Important note
Target market definition is an important tool that helps CFD and currency providers tailor their offerings to the needs and knowledge of their target audience. Careful target market definition can help ensure that offerings are transparent and appropriate and that the target audience is protected from unnecessary risk. CFD and currency providers should ensure that their offerings comply with regulatory requirements and that they take appropriate measures to protect the negative target market.

Target market definition

The following is a general description of the target market for contracts for difference and currencies and an explanation of the negative target market:
Preamble:

Target market definition is an important part of European financial market regulation, enshrined in the MiFID II Directive. The target market definition helps providers of financial instruments to identify the target groups for their products and to ensure that their offerings are suitable for these groups.

1. target market
The target market for contracts for difference (CFDs) and currencies primarily includes active traders and investors who have a high level of experience and knowledge of financial markets. This target group is able to understand and appropriately assess the risk of CFDs and currencies.

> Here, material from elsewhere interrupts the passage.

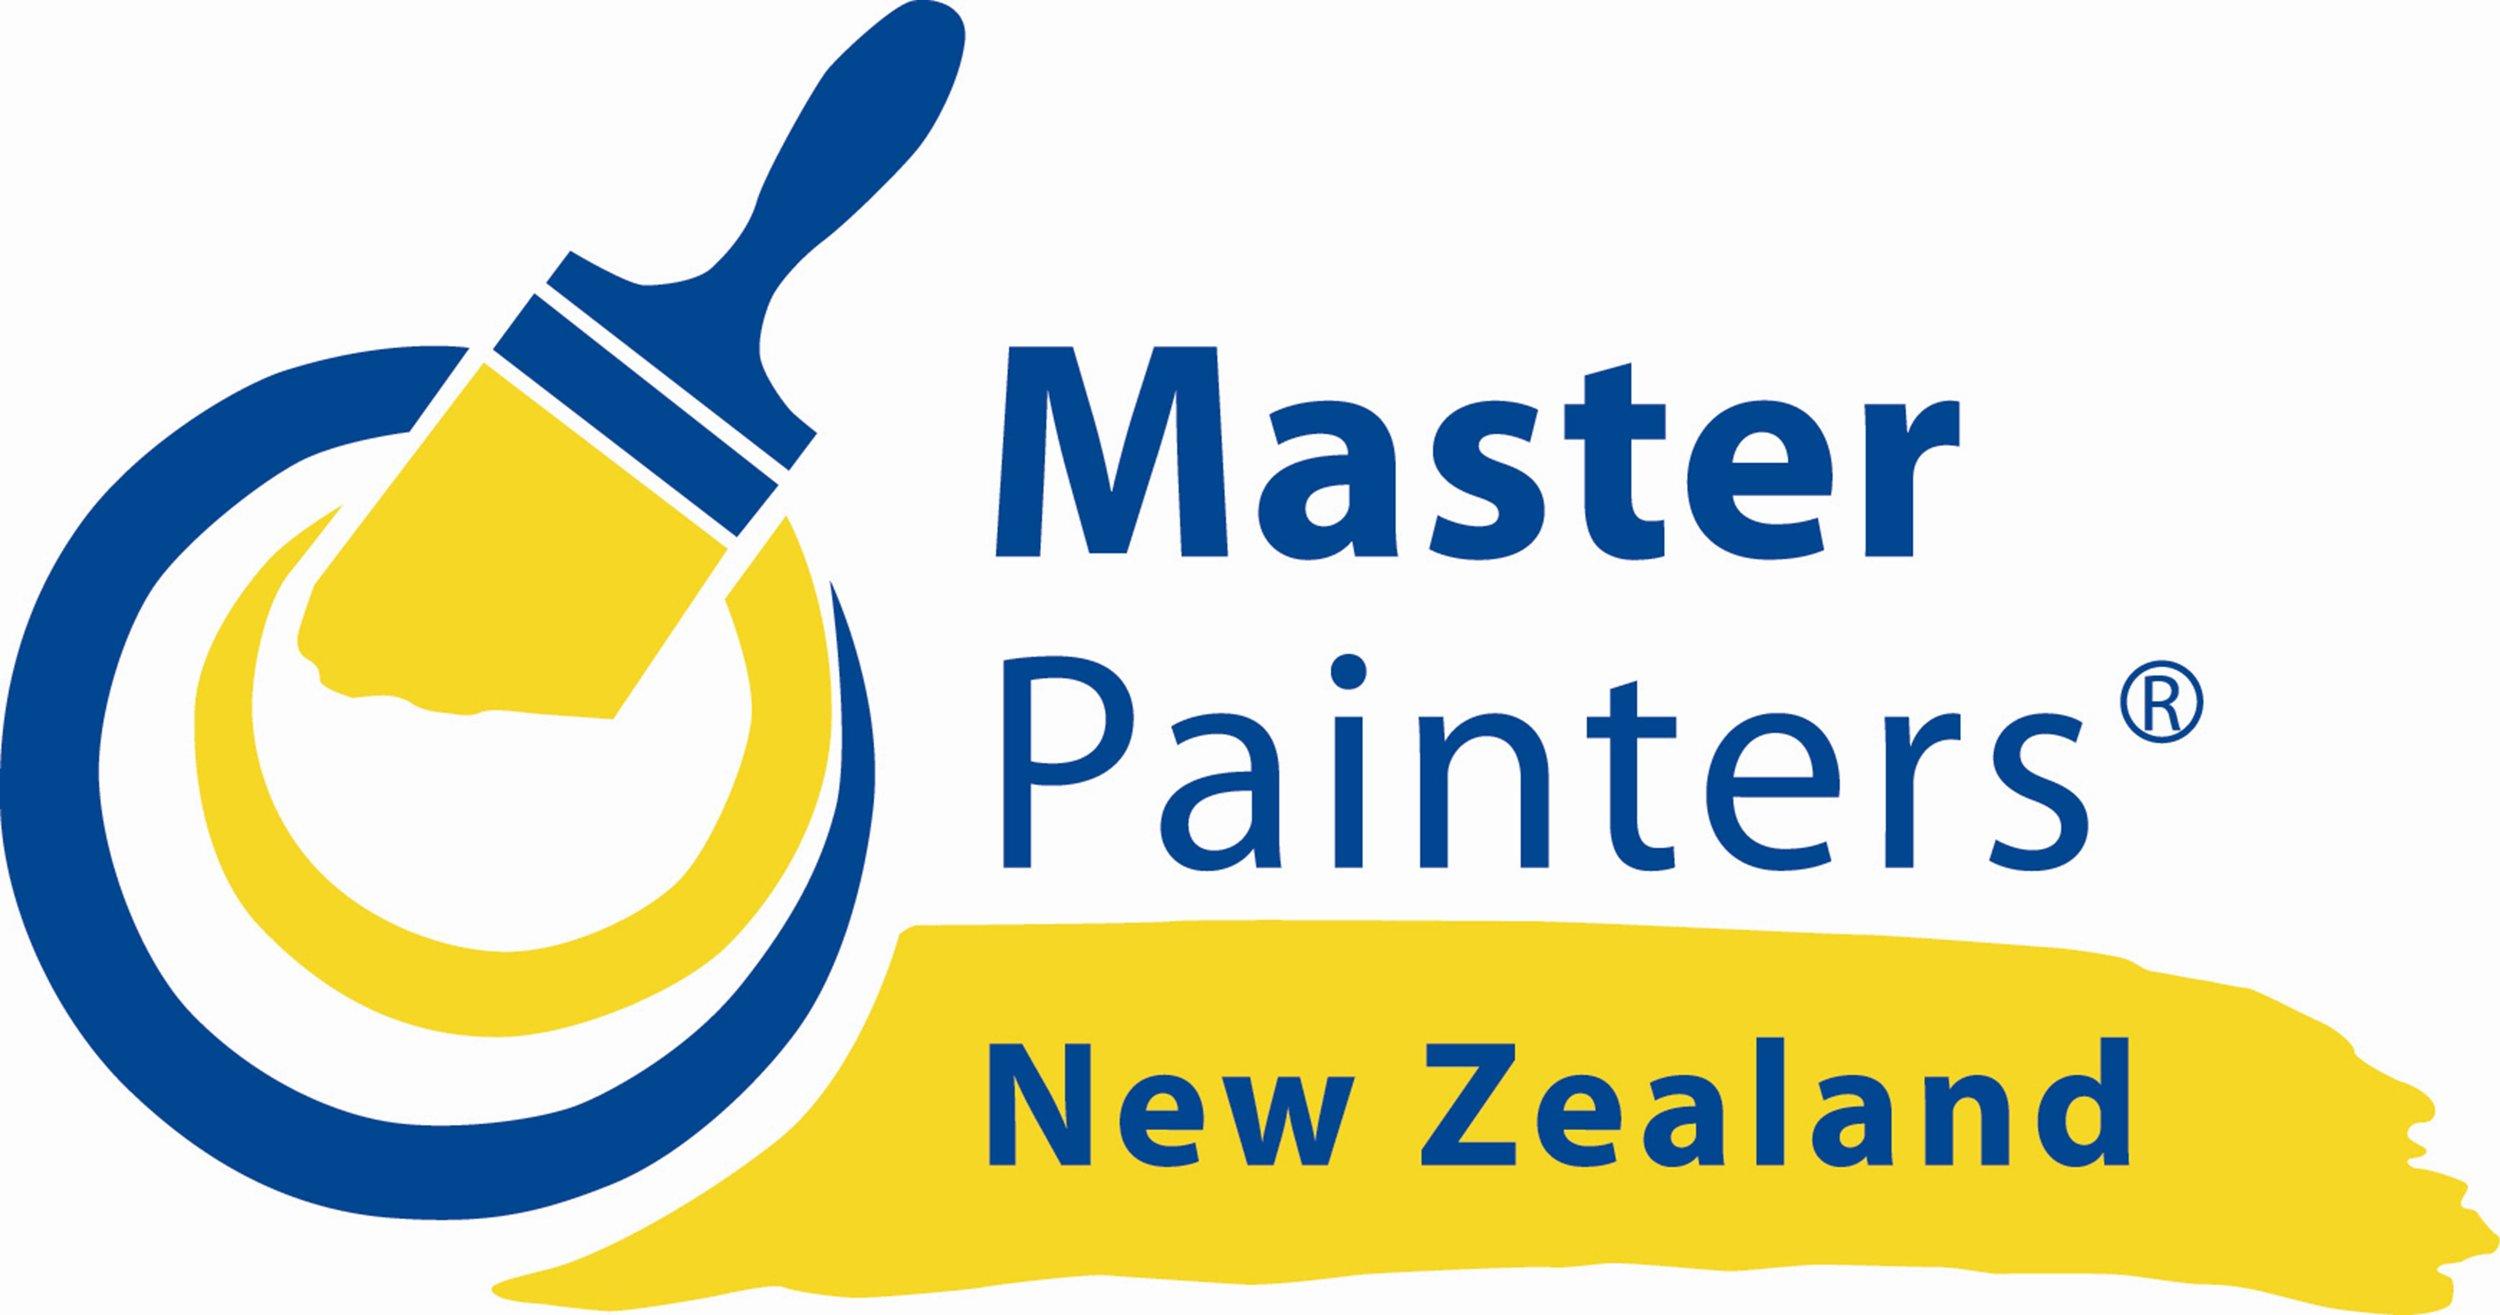 Master Painters logo highres.jpg
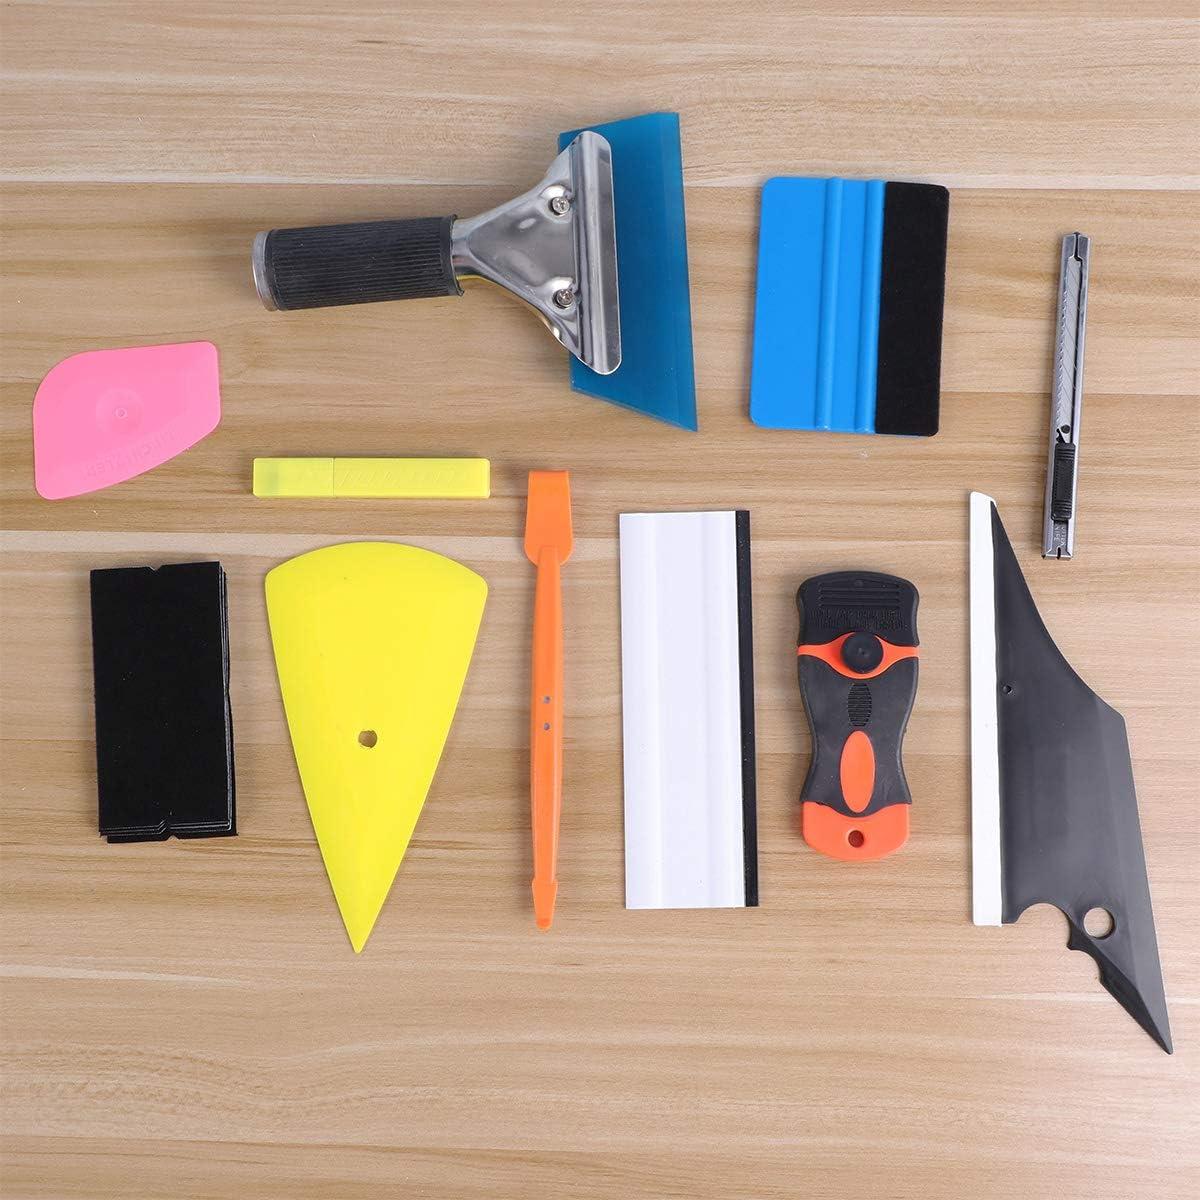 Vosarea 11pcs Car Vinyl Wrap Tool Window Tint Kit for Auto Film Tinting Scraper Application Installation

In addition, CFDs and currencies may be suitable for investors who have a high risk tolerance and are willing to accept losses in order to potentially achieve higher profits. This target group has sufficient liquidity to absorb losses and is able to cope with unforeseen market events.

2. negative target market

The negative target market for CFDs and currencies includes individuals who, due to their age, income or financial knowledge, are unable to adequately understand and evaluate the risks of these financial instruments. In particular, this group includes inexperienced investors who may enter trading CFDs and currencies as a result of marketing campaigns or recommendations.

It is important that providers of CFDs and currencies ensure that their offerings are not directed at this negative target market and that they take appropriate measures to protect this market. This includes, for example, the use of warnings and limiting leverage to an appropriate level.

3. other aspects of target market definition

The following aspects should also be considered when defining the target market for contracts for difference and currencies: Investment Objectives: Providers of CFDs and currencies should ensure that their offerings meet the investment objectives of their target audience. This includes, for example, a focus on short-term speculation or long-term investment. Financial situation: It is important that providers of CFDs and currencies take into account the financial situation of their target group. This includes taking into account income, assets and liquidity. Experience and knowledge: CFDs and currencies providers should ensure that their offerings are suitable for the experience and knowledge of their target audience. This includes, for example, taking into account trading experience, knowledge of financial markets and risk assessment skills. Needs and expectations: CFD and currency providers should ensure that their offerings are appropriate for the needs and expectations of their target audience. This includes, for example, consideration of investment objectives, risk tolerance, and the need for flexible trading options.

4. legal basis

Target market definition is an important aspect of financial instruments regulation, ensuring that offers are adapted to the needs and knowledge of the target group. The legal basis for this is the MiFID II Directive, which was issued by the European Union. The MiFID II Directive requires providers of financial instruments to take appropriate measures to ensure that their offerings are adapted to the needs and knowledge of their target group.